* Exercise description
Everything in the data must be repeated exactly, apart from the pictures, which are left out.

* Dataset section
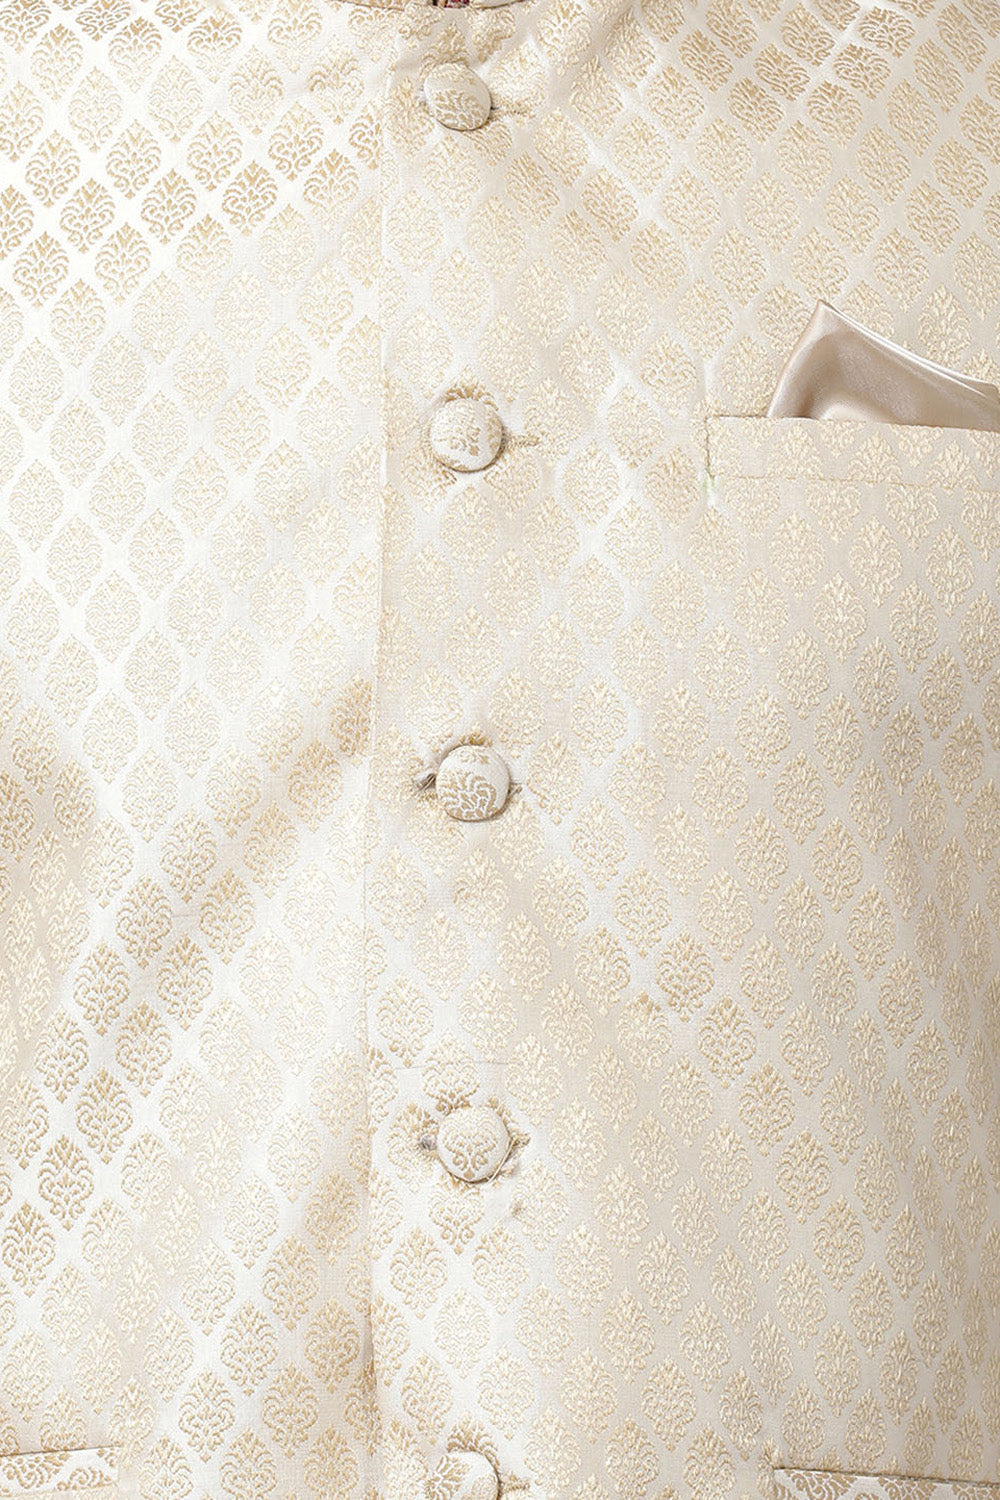 Men's Cotton Art Silk Kurta Set in Brown
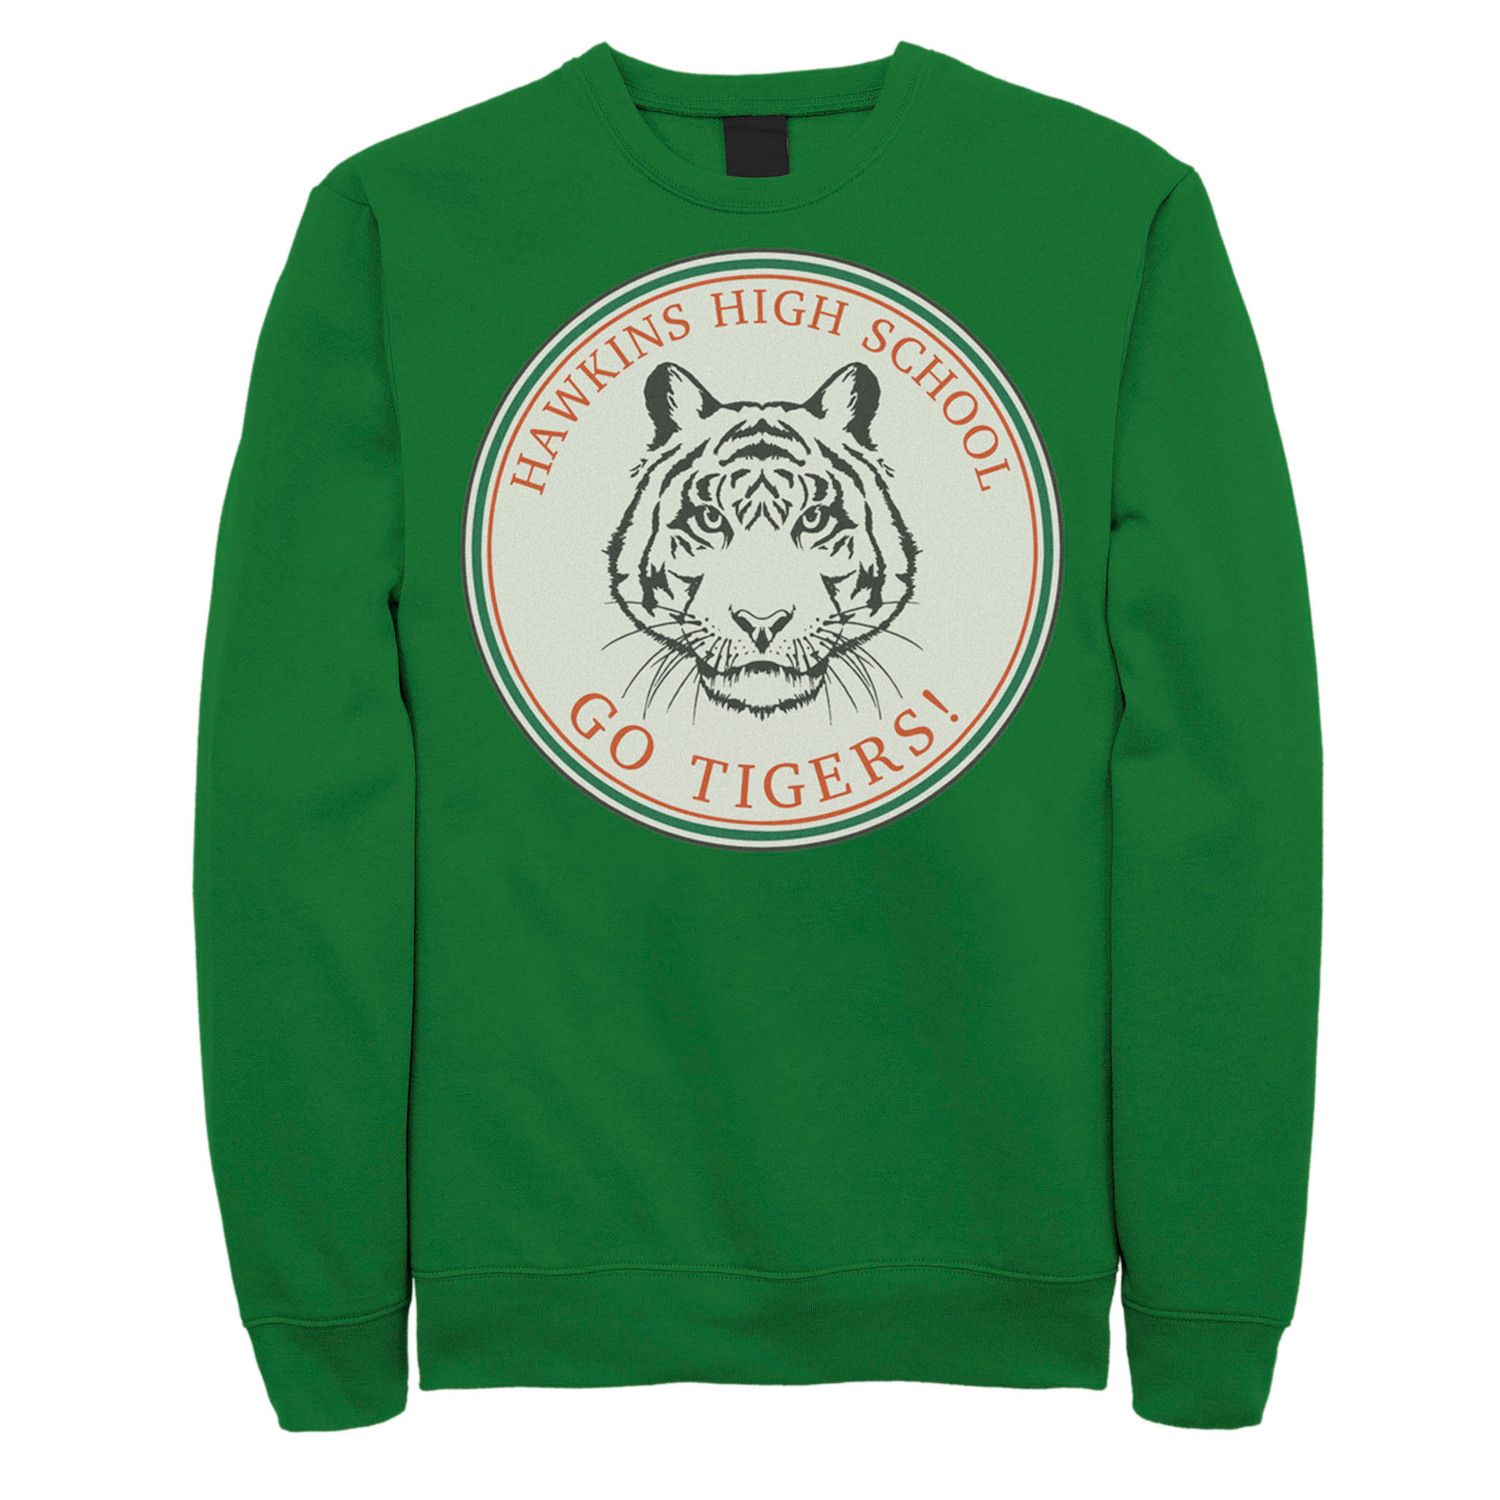 Hawkins high school 1986 green tiger logo shirt, hoodie, sweater
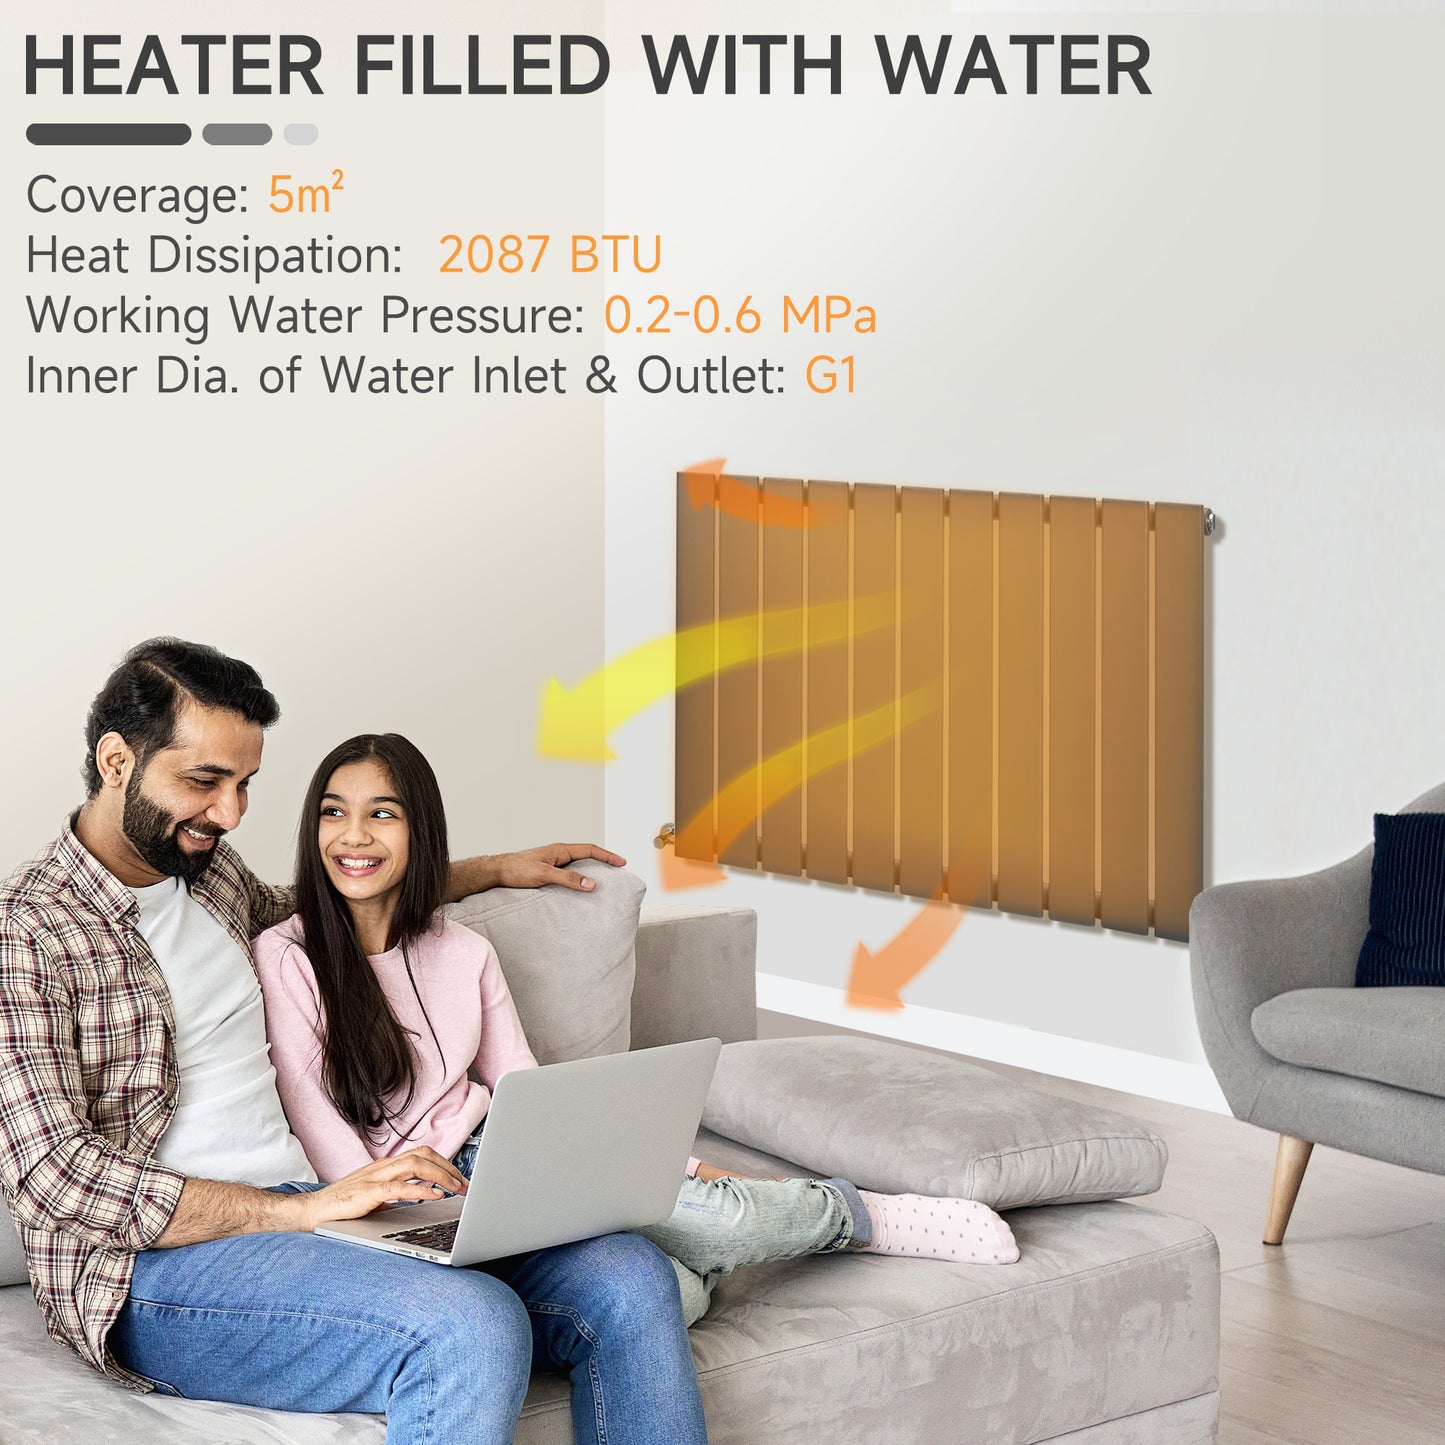 HOMCOM 83 x 60cm Space Heater, Water-filled Heater for Home, Single-layer Horizontal Designer Radiators, Quick Warm up Living room, Study Garage Grey
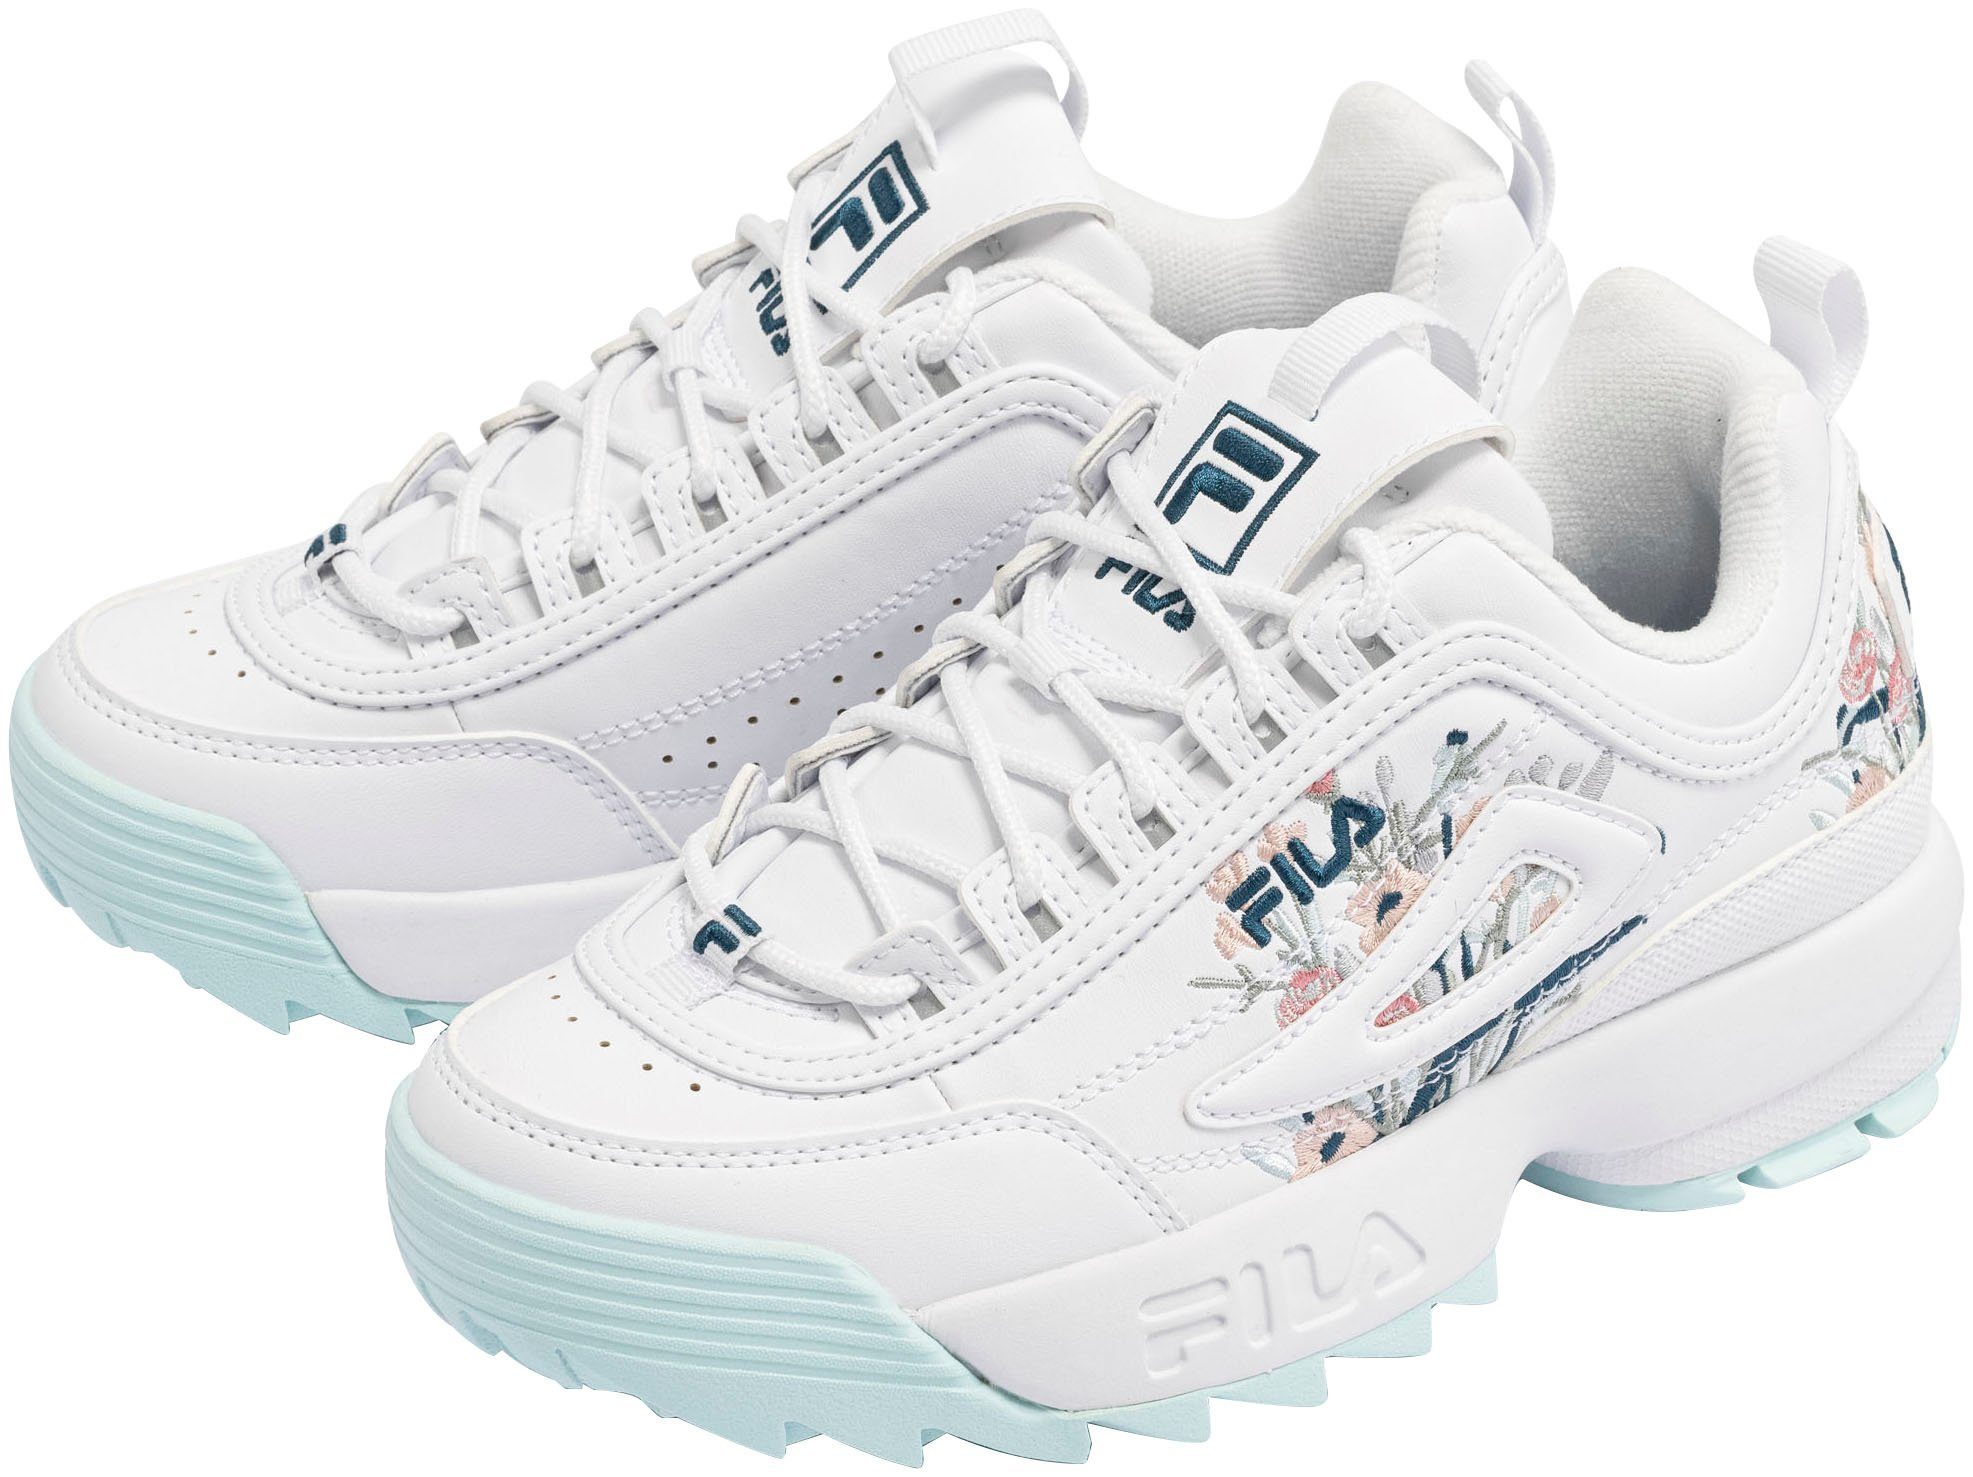 Fila »Disruptor low« Sneaker online kaufen | OTTO

* Result
 Men's Cotton Art Silk Kurta Set in Brown
 Hawkins high school 1986 green tiger logo shirt, hoodie, sweater
 HOMCOM 83 x 60cm Space Heater, Water-filled Heater for Home, Single-layer Horizontal Designer Radiators, Quick Warm up Living room, Study Garage Grey
 Fila »Disruptor low« Sneaker online kaufen | OTTO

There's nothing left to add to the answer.